For the minimum Lexicographic Order condition, I did not think of a very good solution strategy, but the default R [L * I] is in the first loop section, then enumerate the positions of the first character in the first loop section. If the repetition number is equal to Max at this time, record the string. If the repetition number is larger than Max, update Max, after clearing the possible records, record the string. If it is smaller than Max, break the string directly, instead of enumerating the position of the first character in the first loop, because the current pair of characters cannot match, it cannot be included in the solution.

# Include <stdio. h>
# Include < String . H>
# Include <stdlib. h>
 # Define Maxd 100010
# Define INF 0x3f3f3f
 Char B [maxd];
 Int N, R [maxd], sa [maxd], rank [maxd], height [maxd], wa [maxd], WB [maxd], WS [maxd], WV [maxd];
 Int Best [ 20 ] [Maxd], Mm [maxd], Len [maxd], first [maxd], P;
 Void Init ()
{
 Int I;
 For (I = 0 ; B [I]; I ++)
R [I] = B [I];
R [n = I] = 0 ;
}
 Int CMP ( Int * P, Int X, Int Y, Int L)
{
 Return P [x] = P [y] & P [x + L] = P [Y + L];
}
 Int CMP1 ( Const   Void * _ P,Const   Void * _ Q)
{
 Int I, * P = ( Int *) _ P, * q = ( Int *) _ Q;
 For (I = 0 ; I <Len [* p] & I <Len [* q]; I ++)
{
 If (R [first [* p] + I] <R [first [* q] + I])
 Return - 1 ;
Else   If (R [first [* p] + I]> r [first [* q] + I])
 Return   1 ;
}
 If (I = Len [* p])
 Return - 1 ;
 Return   1 ;
}
 Void Da ( Int N,Int M)
{
 Int I, j, P, * x = wa, * Y = WB, * t;
Memset (WS, 0 , Sizeof (WS [ 0 ]) * M );
 For (I = 0 ; I <n; I ++)
++ Ws [x [I] = R [I];
 For (I = 1 ; I <m; I ++)
WS [I] + = ws [I-1 ];
 For (I = N- 1 ; I> = 0 ; I --)
Sa [-- ws [x [I] = I;
 For (J = P = 1 ; P <n; j * = 2 , M = P)
{
 For (P = 0 , I = N-J; I <n; I ++)
Y [p ++] = I;
 For (I = 0 ; I <n; I ++)
 If (SA [I]> = J)
Y [p ++] = sa [I]-J;
 For (I = 0 ; I <n; I ++)
WV [I] = x [Y [I];
Memset (WS, 0 , Sizeof (WS [ 0 ]) * M );
 For (I = 0 ; I <n; I ++)
++ Ws [wv [I];
 For (I = 1 ; I <m; I ++)
WS [I] + = ws [I- 1 ];
 For (I = N- 1 ; I> = 0 ; I --)
Sa [-- ws [wv [I] = Y [I];
 For (T = x, x = Y, y = t, x [SA [ 0 ] = 0 , I = P = 1 ; I <n; I ++)
X [SA [I] = CMP (Y, sa [I- 1 ], Sa [I], j )?

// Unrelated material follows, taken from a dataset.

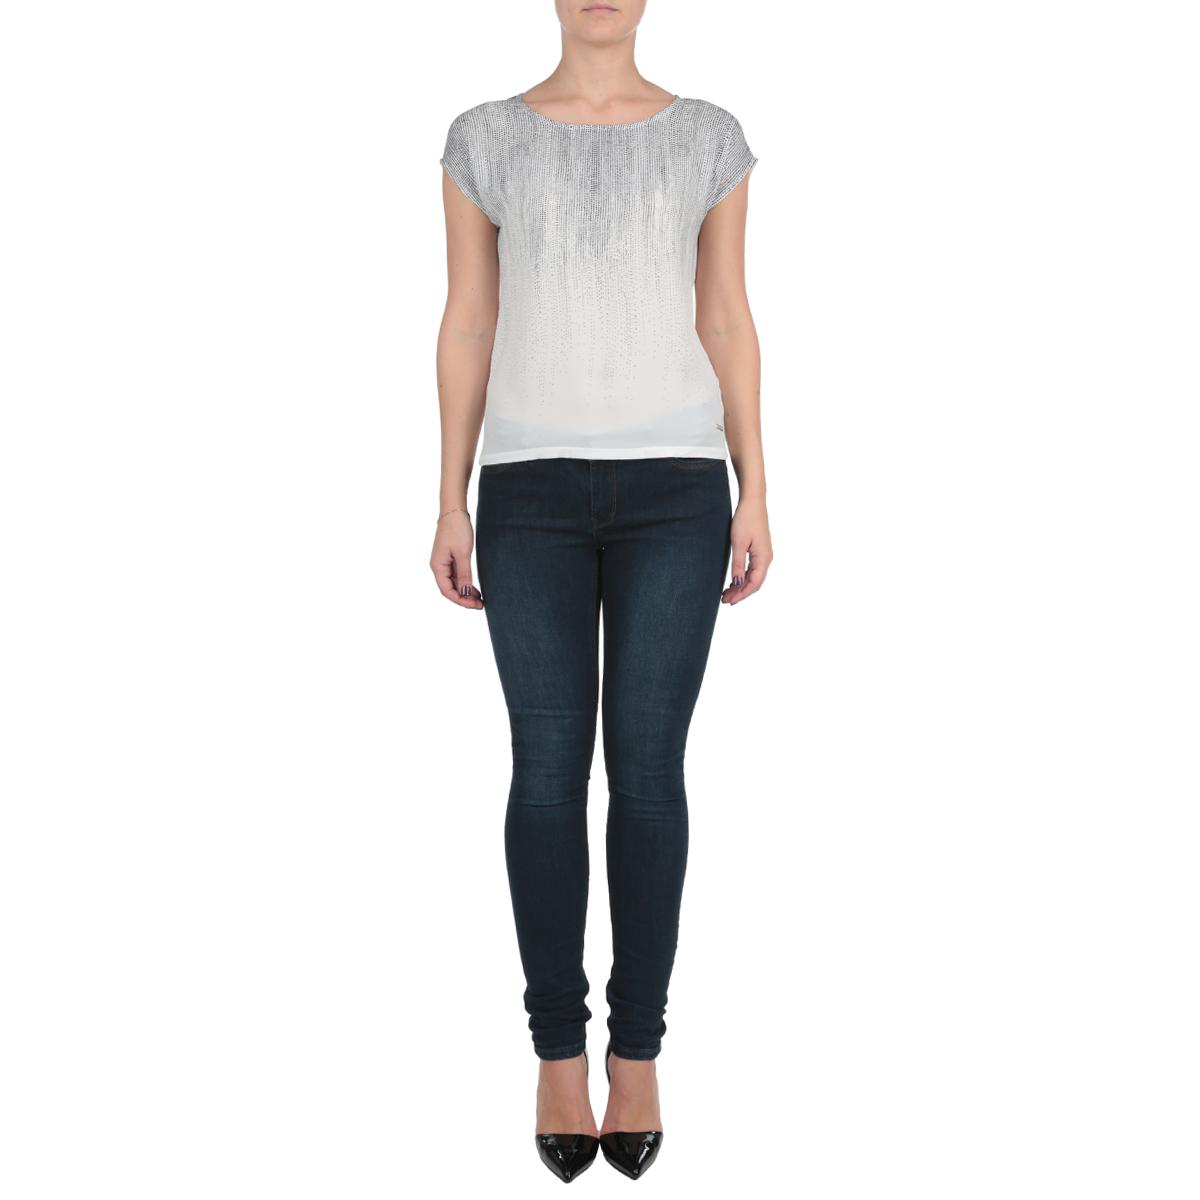 Блузка женская. SPO2617BISPO2617BIОригинальная женская блузка Top Secret выполнена в современном городском стиле. Модель, изготовленная из высококачественного мягкого полиэстера с небольшим добавлением вискозы, не сковывает движения и позволяет коже дышать, обеспечивая наибольший комфорт. Блузка оформлена принтом горох, модель с круглым вырезом горловины и короткими рукавами-кимоно. Идеальный вариант для тех, кто ценит комфорт и качество.

P- 1 : P ++;
}
}
 Void Calheight ( Int N)
{
 Int I, J, K = 0 ;
 For (I = 1 ; I <= N; I ++)
Rank [SA [I] = I;
For (I = 0 ; I <n; height [rank [I ++] = K)
 For (K? -- K: 0 , J = sa [rank [I]- 1 ]; R [I + k] = R [J + k]; k ++ );
}
 Void Initrmq ( Int N)
{
 Int I, j, X, Y;
 For (Mm [ 0 ] =-1 , I = 1 ; I <= N; I ++)
Mm [I] = (I & (I- 1 ) = 0 ? Mm [I- 1 ] + 1 : Mm [I- 1 ];
 For (I = 1 ; I <= N; I ++)
Best [ 0 ] [I] = I;
 For (I =1 ; I <= mm [N]; I ++)
 For (J = 1 ; J <= N -( 1 <I) + 1 ; J ++)
{
X = Best [I- 1 ] [J];
Y = Best [I- 1 ] [J + ( 1 <(I- 1 )];
Best [I] [J] = height [x] }
}
 Int Askrmq ( Int X, Int Y)
{
 Int T = mm [Y-x + 1 ];
Y = Y -( 1 <T) + 1 ;
X = Best [T] [x];
Y = Best [T] [Y];
 Return Height [x] }
Int Calculate ( Int X, Int Y)
{
 Int T;
X = rank [X], y = rank [y];
 If (X> Y)
T = x, x = Y, y = T;
++ X;
 Return Askrmq (x, y );
}
 Void Printresult ( Int Max)
{
Int I, J, K;
 If (Max = 1 )
{
K = inf;
 For (I = 0 ; I <n; I ++)
 If (R [I] <K)
K = R [I];
Printf ( "  % C \ n  " , K );
}
Else 
{
 For (I = 0 ; I <p; I ++)
WS [I] = I;
Qsort (WS, P, Sizeof (WS [ 0 ]), CMP1 );
 For (I = 0 , K = ws [ 0 ]; I <Len [k]; I ++)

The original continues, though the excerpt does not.